近年来，近年来，随着软硬件技术的快速发展，当前的互联网内容慢慢从图文时代向多媒体(如，视频)时代过渡，每天都有大量多媒体资源(如，UGC(User GeneratedContent，用户原创内容)视频)被生产、分发和消费，为生产系统带来了巨大压力。为了满足当前互联网多媒体资源爆发式增长的需要，采用多媒体资源的分类技术对原始多媒体资源按照既定的标签体系自动地给该多媒体资源标注所属标签，从而缓解多媒体资源的审核和分发压力。In recent years, with the rapid development of software and hardware technologies, the current Internet content has slowly transitioned from the era of graphics and text to the era of multimedia (such as video). Every day, a large number of multimedia resources (such as UGC (User Generated Content) videos) are produced, distributed and consumed, which has brought huge pressure to the production system. In order to meet the needs of the current explosive growth of Internet multimedia resources, the classification technology of multimedia resources is used to automatically label the original multimedia resources with the corresponding tags according to the established tag system, thereby alleviating the review and distribution pressure of multimedia resources.
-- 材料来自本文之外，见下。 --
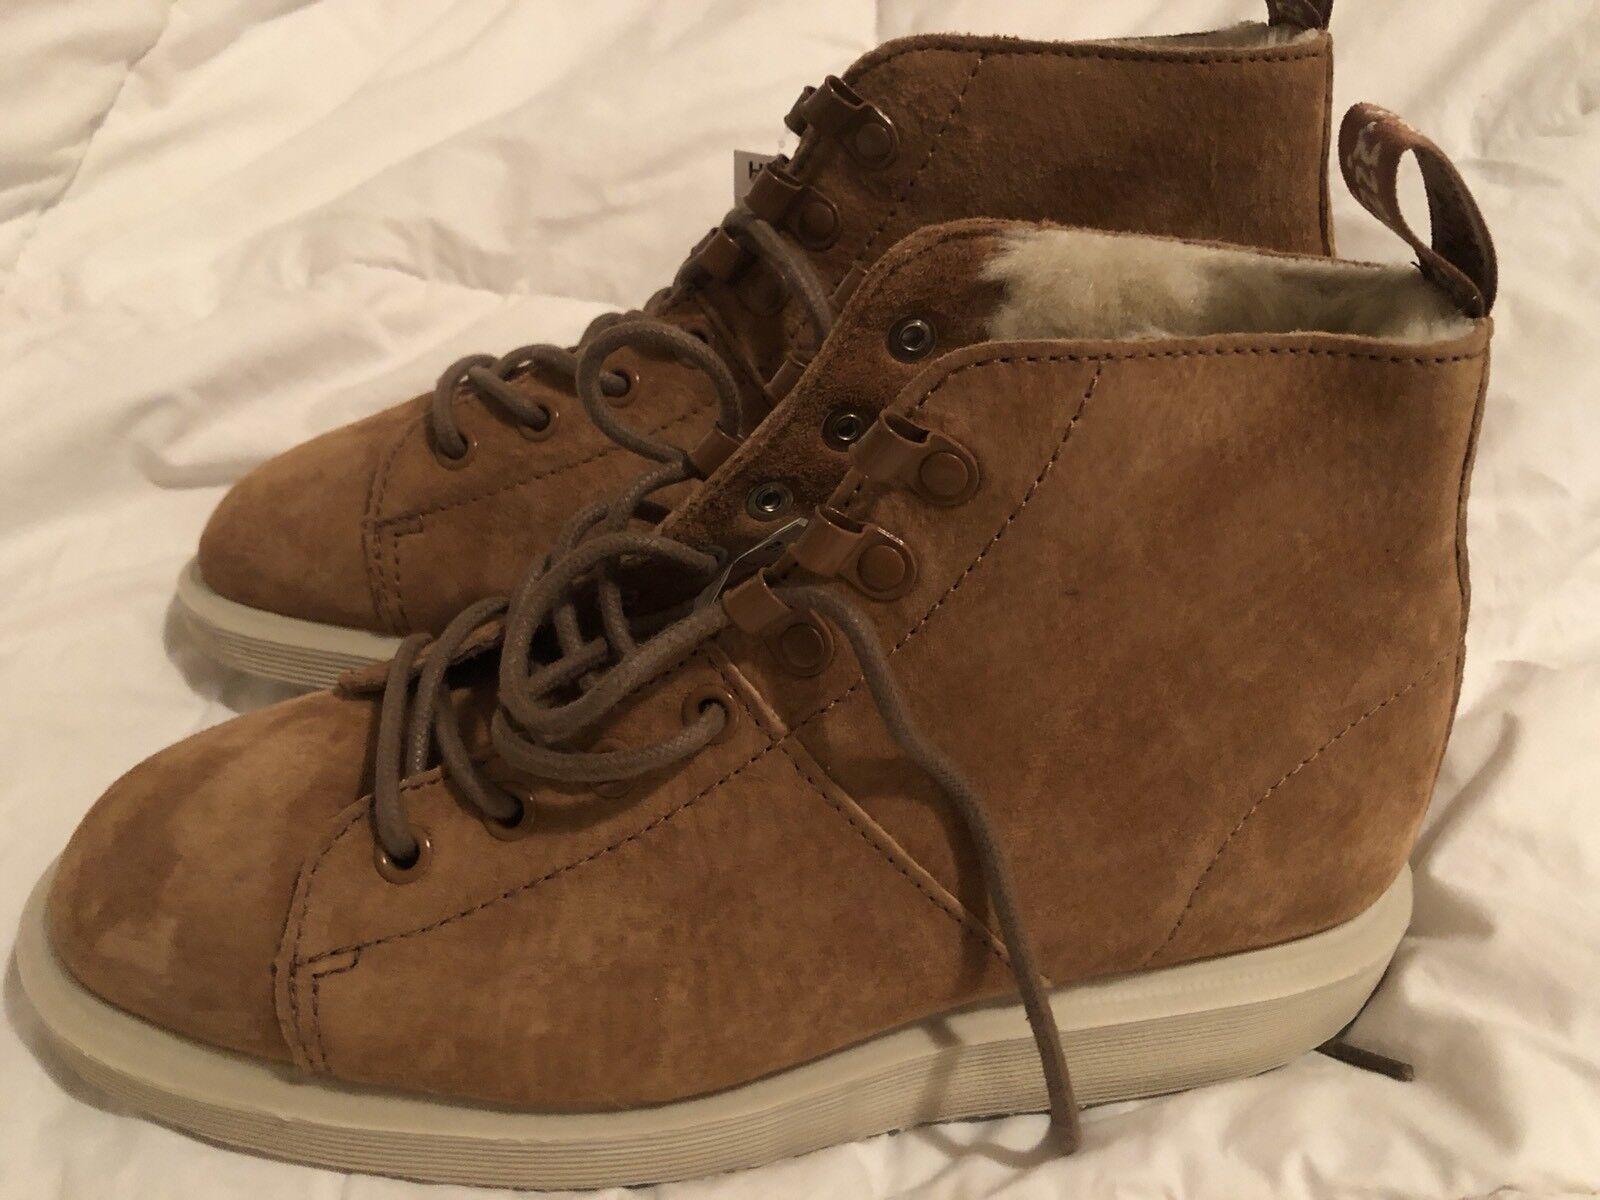 Dr. Martens LESBOOTFL Brown Leather Faux Fur Lined Ankle Boots Women's Sz 7 US

相关技术中，以多媒体资源为视频为例，主要采用以下三种方式进行分类，方式(1)人工标注：利用人力对视频打标签；方式(2)基于关键帧的视频分类算法；方式(3)基于多模态融合的视频分类算法；但是，上述三种方案使用场景有所不同，所带来的问题和不足也有所不同，上述方式(1)耗时长，随着视频量的增加，所需的人力成本极大；方式(2)只利用了视频中的关键帧信息，缺乏其他模态信息的补充，容易导致视频内容的理解片面；方式(3)利用了视频多个模态的信息，但对需要背景知识的视频领域无法形成有效的内容理解。In the related art, taking multimedia resources as videos as an example, the following three methods are mainly used for classification: method (1) manual labeling: using manpower to label videos; method (2) video classification algorithm based on key frames; method (3) video classification algorithm based on multimodal fusion; however, the usage scenarios of the above three solutions are different, and the problems and shortcomings they bring are also different. The above method (1) is time-consuming, and as the amount of video increases, the labor cost required is extremely high; method (2) only uses the key frame information in the video, lacks the supplement of other modal information, and easily leads to a one-sided understanding of the video content; method (3) uses information from multiple modes of the video, but cannot form an effective content understanding of the video field that requires background knowledge.
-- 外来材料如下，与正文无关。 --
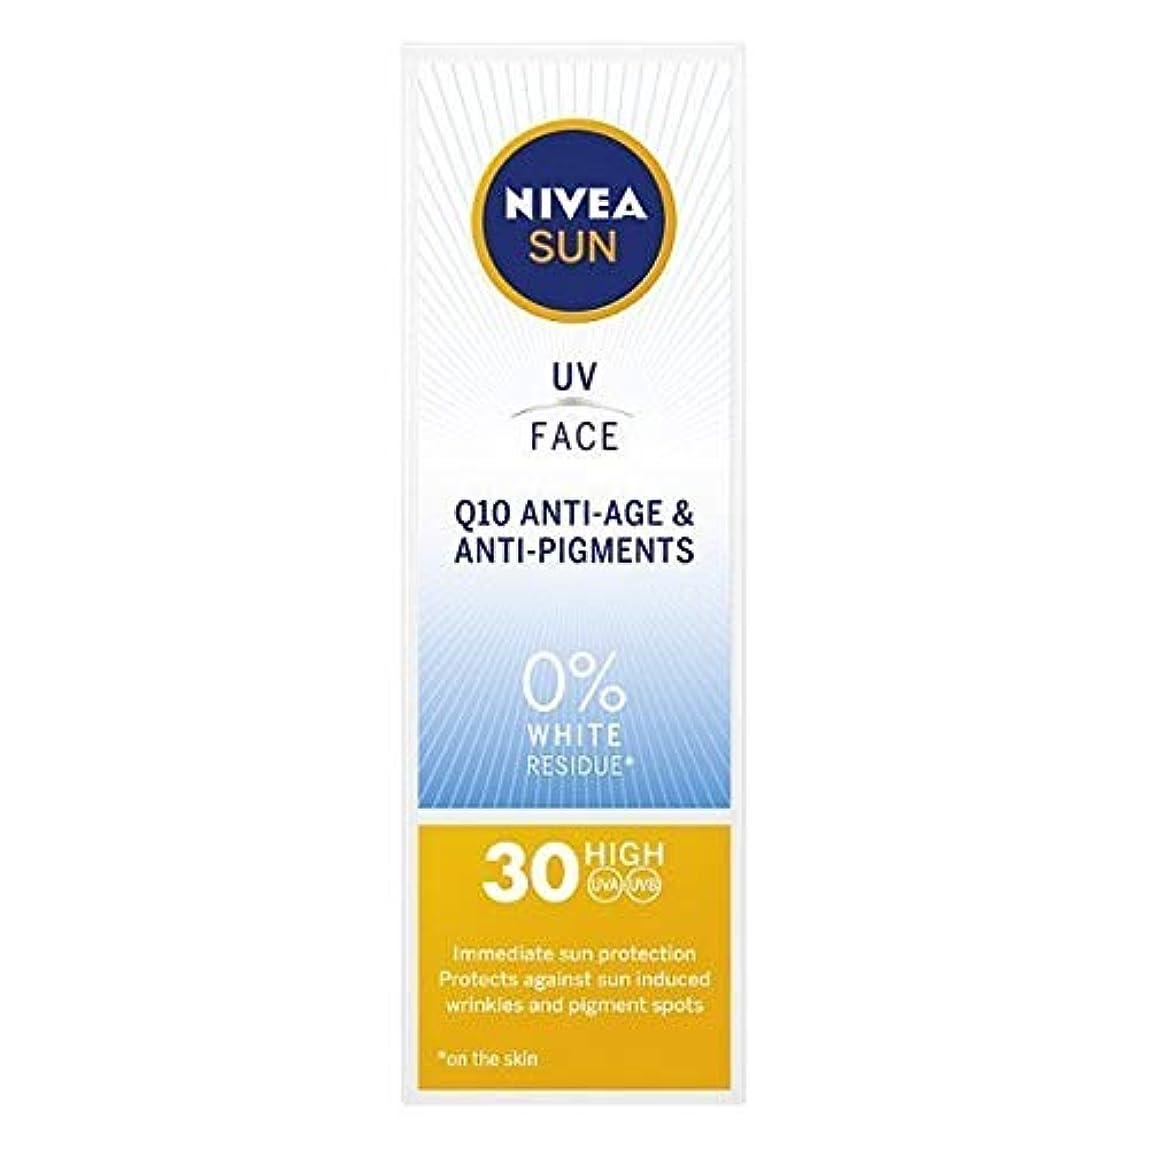 形滅多つかいます[Nivea ] ニベアサンUvフェイスSpf 30 Q10抗加齢&抗顔料50ミリリットル - NIVEA SUN UV Face SPF 30 Q10 Anti-Age & Anti-Pigments 50ml [並行輸入品]

针对上述问题，本申请提供了多媒体资源的分类方法、装置、电子设备及存储介质。In response to the above problems, the present application provides a method, device, electronic device and storage medium for classifying multimedia resources.

图1根据本申请第一实施例的示意图。需要说明的是，本申请实施例的多媒体资源的分类方法可应用于本申请实施例的多媒体资源的分类装置，该装置可被配置于电子设备中。其中，该电子设备可以是移动终端，例如，手机、平板电脑、个人数字助理等具有各种操作系统的硬件设备。FIG1 is a schematic diagram of the first embodiment of the present application. It should be noted that the multimedia resource classification method of the embodiment of the present application can be applied to the multimedia resource classification device of the embodiment of the present application, and the device can be configured in an electronic device. The electronic device can be a mobile terminal, for example, a mobile phone, a tablet computer, a personal digital assistant, and other hardware devices with various operating systems.

如图1所示，该多媒体资源的分类方法可以包括：As shown in FIG1 , the multimedia resource classification method may include:

步骤101，获取待处理的多媒体资源，以及多媒体资源对应的多媒体表示向量。Step 101: Acquire multimedia resources to be processed and multimedia representation vectors corresponding to the multimedia resources.

在本申请实施例中，可将包括视频、音频、文本等多种媒体的资源作为多媒体资源，待处理的多媒体资源可从网络下载、用户上传等方式进行获取。In the embodiment of the present application, resources including various media such as video, audio, and text may be used as multimedia resources, and the multimedia resources to be processed may be obtained by downloading from the network, uploading by users, and the like.

为了从多个角度理解多媒体资源的内容，提升多媒体资源的分类效果，可获取待处理的多媒体资源对应的多媒体表示向量。比如，将待处理的多媒体资源中的各种媒体资源采用向量表示，并根据每种资源对应的权重，确定待处理的多媒体资源对应的多媒体表示向量。又比如，将待处理的多媒体资源中的各种媒体资源采用向量表示，并根据每种资源对应的权重，确定多媒体资源的加权表示向量，接着，对多媒体资源进行特征提取，获取多媒体资源对应的多媒体资源特征向量序列，根据多媒体资源的加权表示向量以及多媒体资源的特征向量序列，得到多媒体资源对应的多媒体表示向量。In order to understand the content of multimedia resources from multiple perspectives and improve the classification effect of multimedia resources, the multimedia representation vector corresponding to the multimedia resources to be processed can be obtained. For example, various media resources in the multimedia resources to be processed are represented by vectors, and the multimedia representation vector corresponding to the multimedia resources to be processed is determined according to the weight corresponding to each resource. For another example, various media resources in the multimedia resources to be processed are represented by vectors, and the weighted representation vector of the multimedia resources is determined according to the weight corresponding to each resource. Then, the multimedia resources are feature extracted to obtain the multimedia resource feature vector sequence corresponding to the multimedia resources. According to the weighted representation vector of the multimedia resources and the feature vector sequence of the multimedia resources, the multimedia representation vector corresponding to the multimedia resources is obtained.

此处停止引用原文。